Anyone experience similar?
I have no idea what to do with my 5 y/o. He's such a good kid, but holy hell does he not listen. We'll ask him to do something two, three, four times before resorting to yelling, and then maybe he'll do what's asked of him.
I have a habit of paying my kids to eat spicy foods, mostly salsas and kimchi. It's both amusingly hilarious as well as seems to egg them on. Youngest has probably been doing it since she was 7? We'll see if it backfires at some point and I see them on some chili-eating YT channel, throwing up in pain. Builds character!
What do you do if your kid refuses to eat something? Our kid likes some solids and will eat them just fine, but has a growing list of foods that he refuses. Basically we're having trouble getting him to warm up to savoury foods instead of sweet ones (like fruits and sweet potatoes).
Obviously we don't want to force him to eat, but we don't want him to grow into a picky eater either.
Yeah, he's less than a year old.
So if he refuses, just let it go and move on even if he eats less that meal as a result?
My perfect life of two boys nursing/eating well and sleeping well came to an abrupt end last week.
My oldest (3 in August) started this thing where he wakes up at midnight/2 AM repeatedly and cries or comes into our room wanting songs, then after getting or not getting them, says "I'm not tired!" or "There's something scary" in places he can't even see and won't go to bed. I just got uninterrupted sleep for the first time in over a week last night, and that's because I was on business travel.
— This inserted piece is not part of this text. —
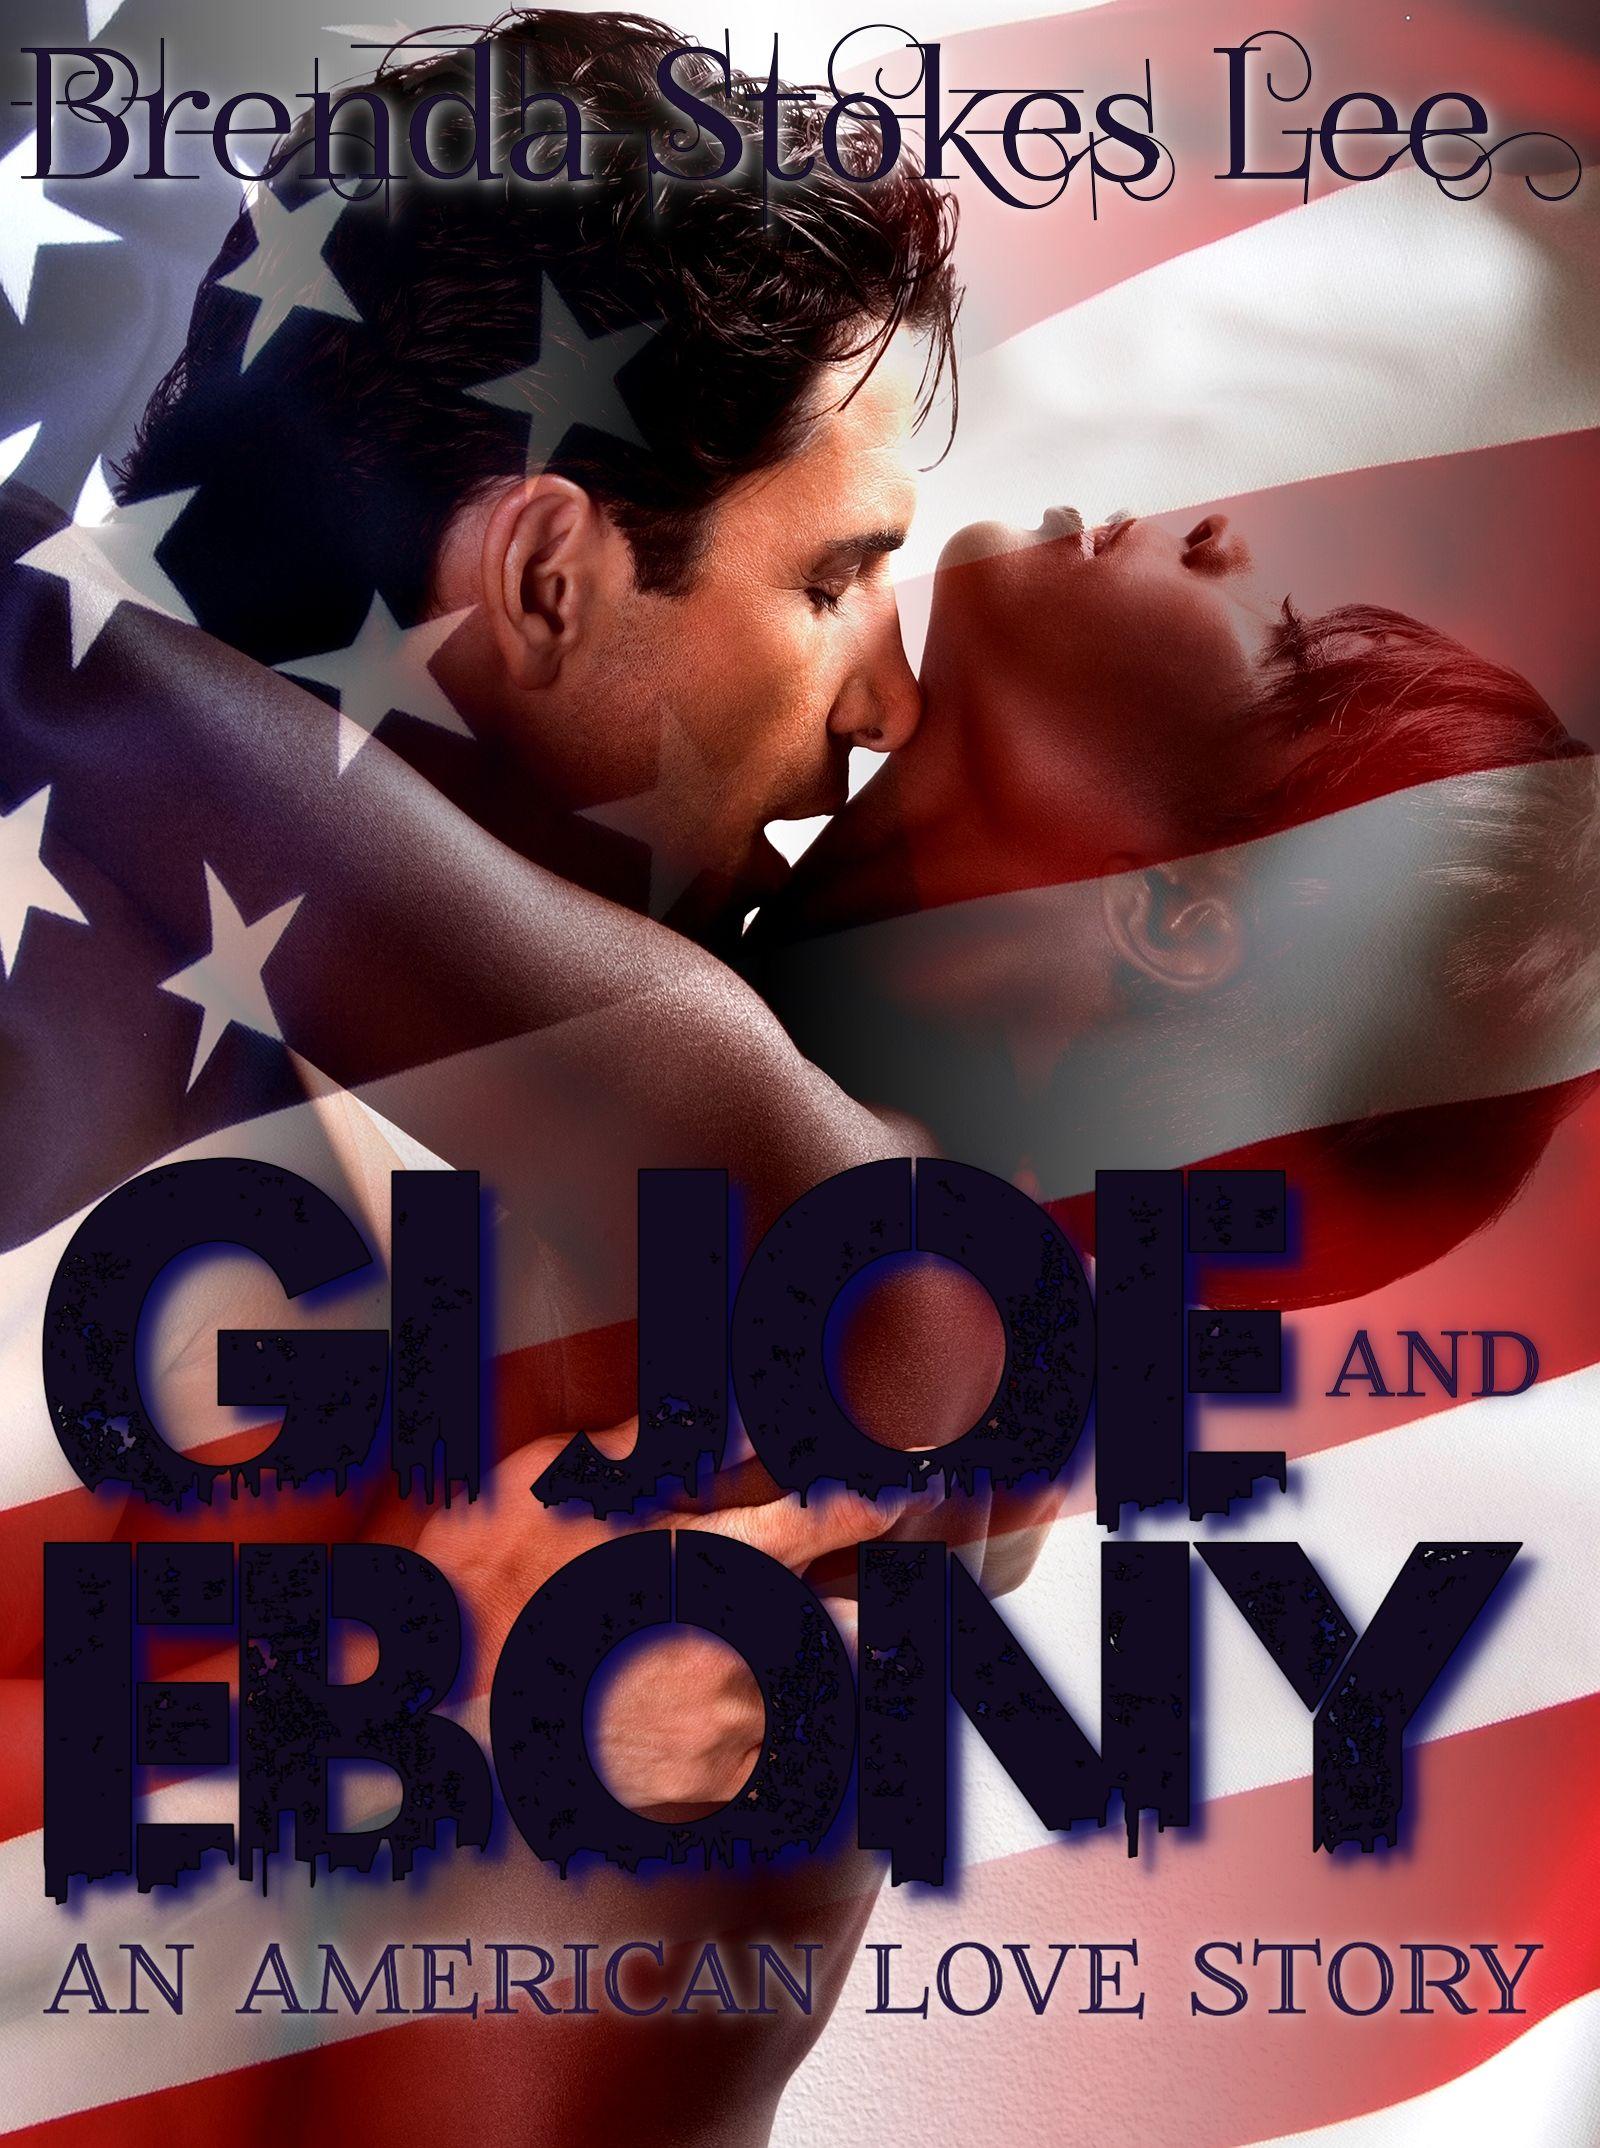 American erotic stories can
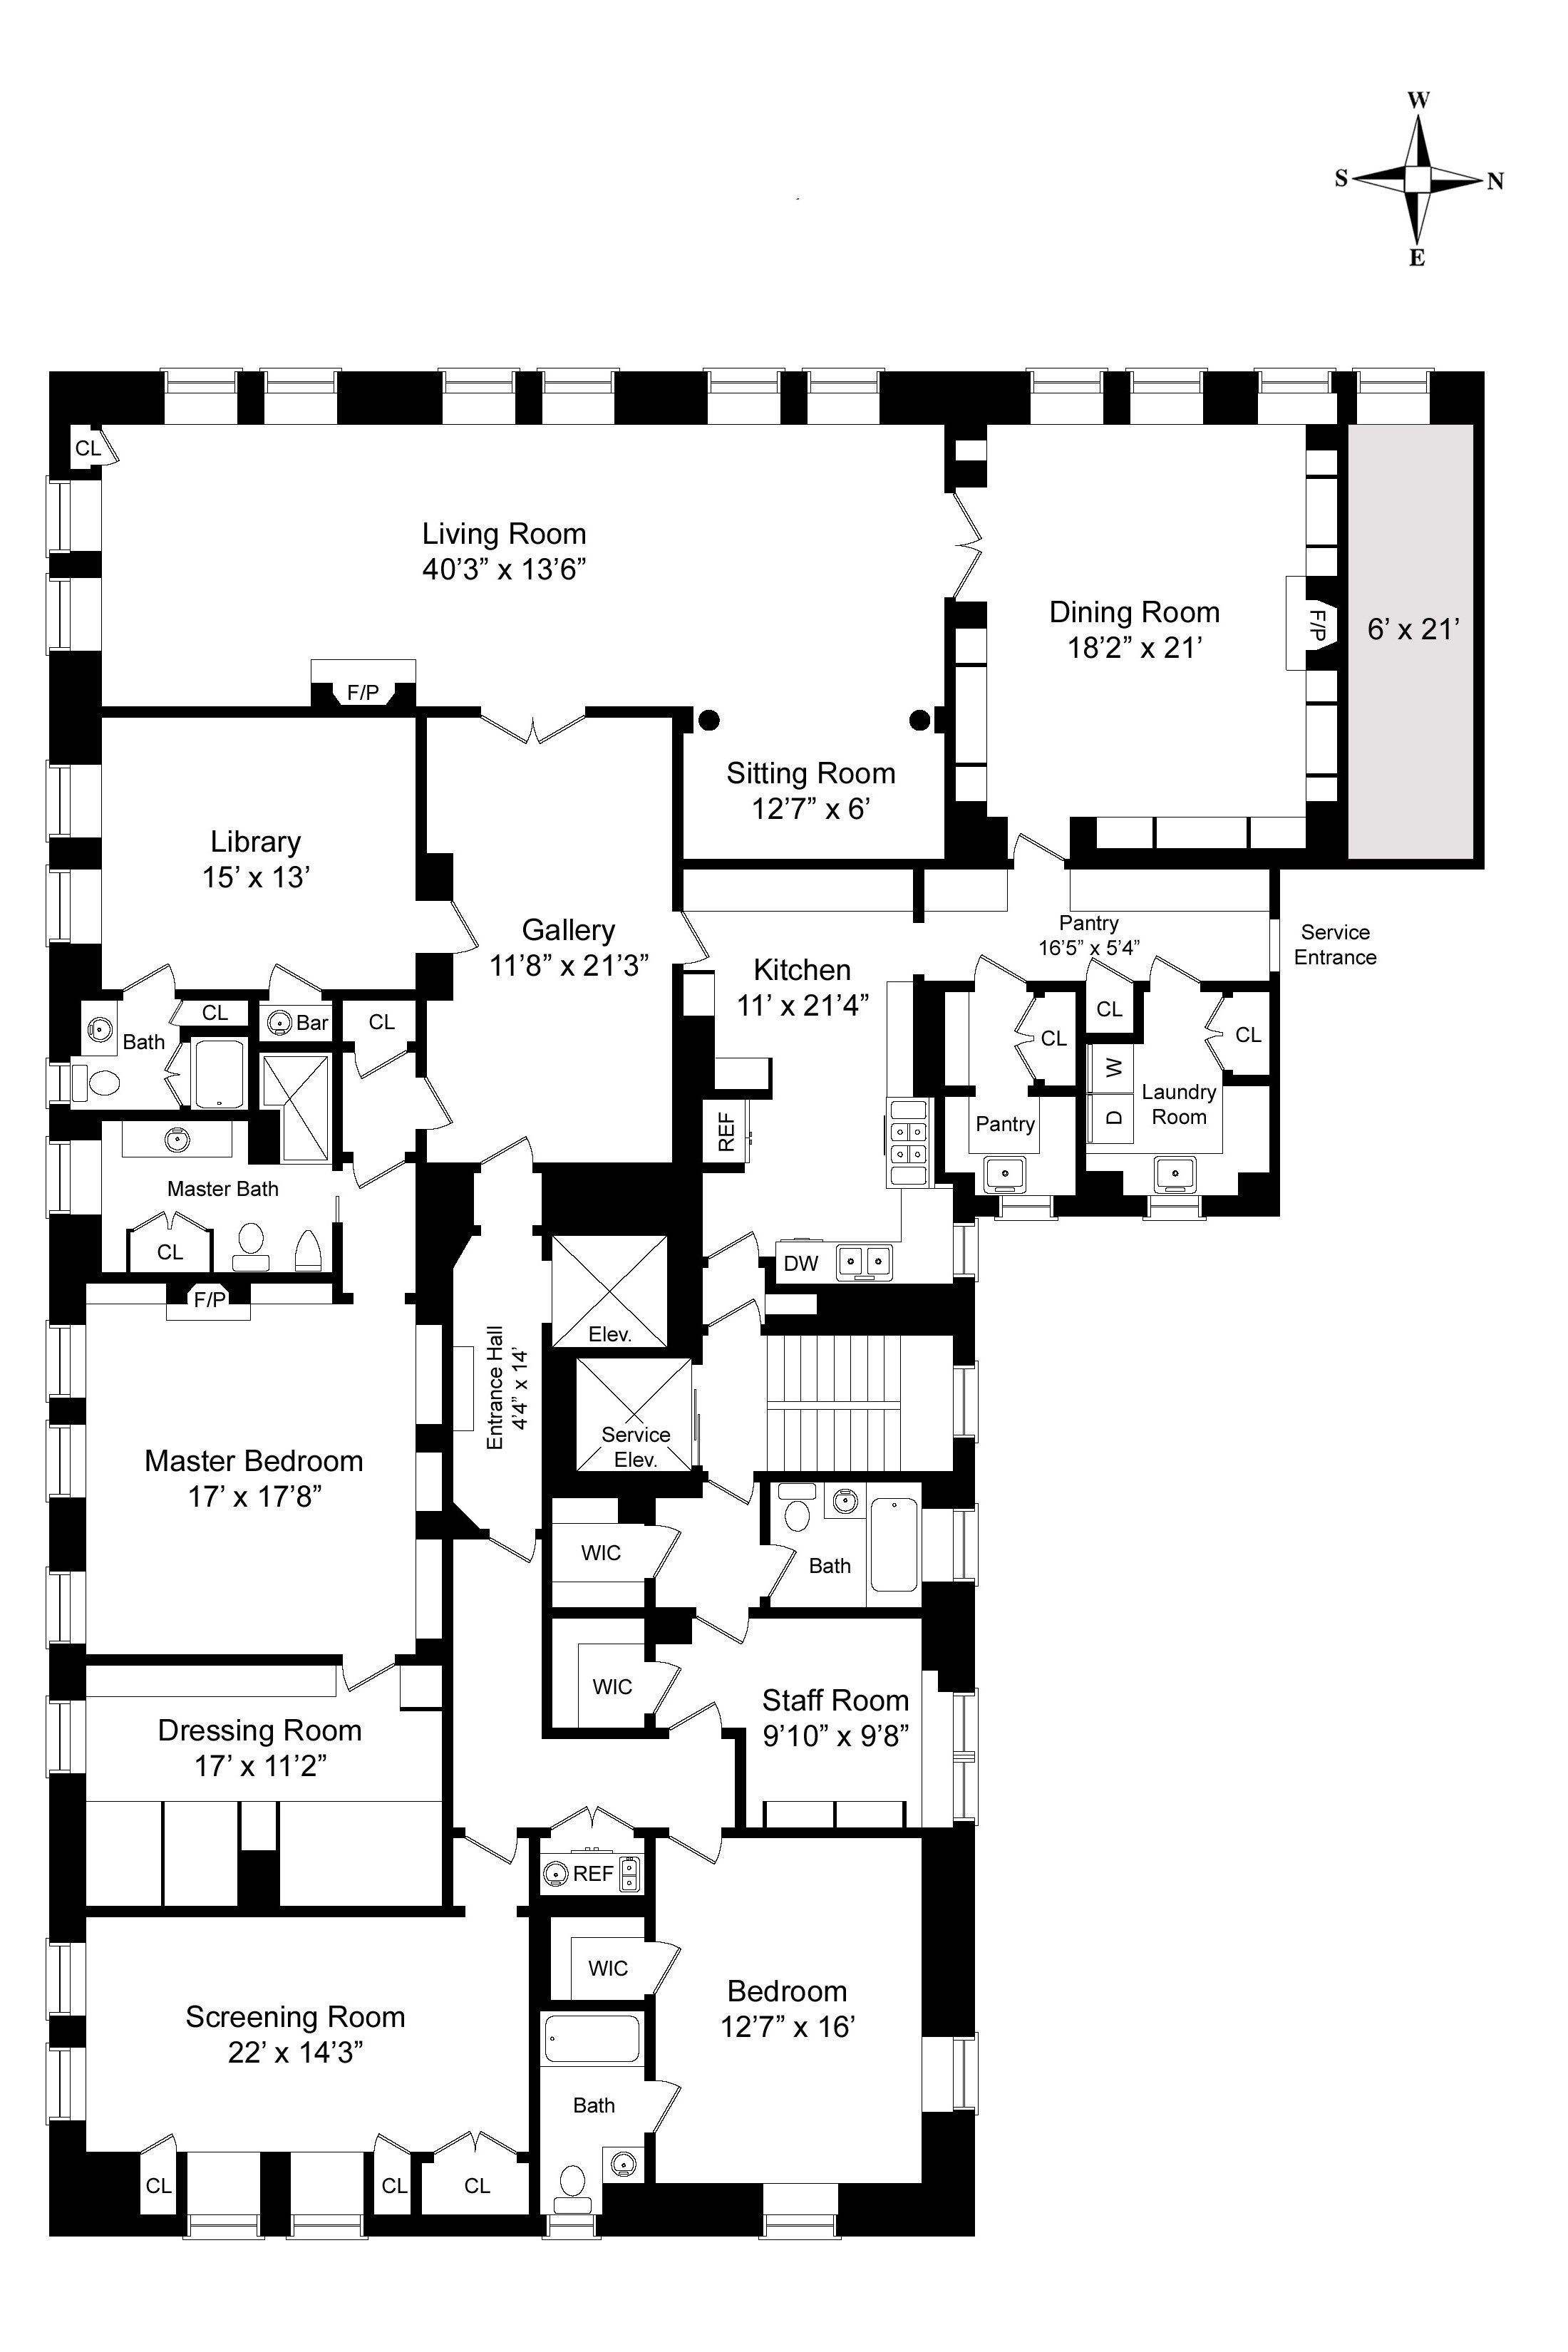 Floorplan For Howard Slatkin Fifth Avenue Apartment Condo Floor Plans Apartment Floor Plans House Floor Plans

Meanwhile, my wife tells me that our 8 month old son has been somewhat scared off nursing. He won't latch well, and she's had to feed him a bottle at least once today (will probably go twice). Looks like we'll be going to formula, which is fine. We've been living within our means and can spend the money needed for formula until he gets to 12 months.
It's been a LONG time since I've felt this level of fatigue, to be honest, so I thought I'd commiserate with you all. I still love being a dad and our boys are really quite good, but it's been a pretty sudden shock to have both things hit at once, so it's draining.
Big kudos to all of you who have been going through this kind of life for months and have stuck it out with a positive attitude. You're the real MVP.
Basically we're having trouble getting him to warm up to savoury foods instead of sweet ones (like fruits and sweet potatoes).
Welp, my sister's water just broke at 33 weeks, and our flight to her for the family reunion is tomorrow. Wahey?
Twins on the way! Horrified but excited, boy/girl combo so that's neat. I will be picking everyone's brain as I'm new to this :)
You got what many couples are looking for long-term on the first try, congrats! Hope your government has some decent supports for this kind of situation or that you're well off, I would imagine twins to be quite a financial shock.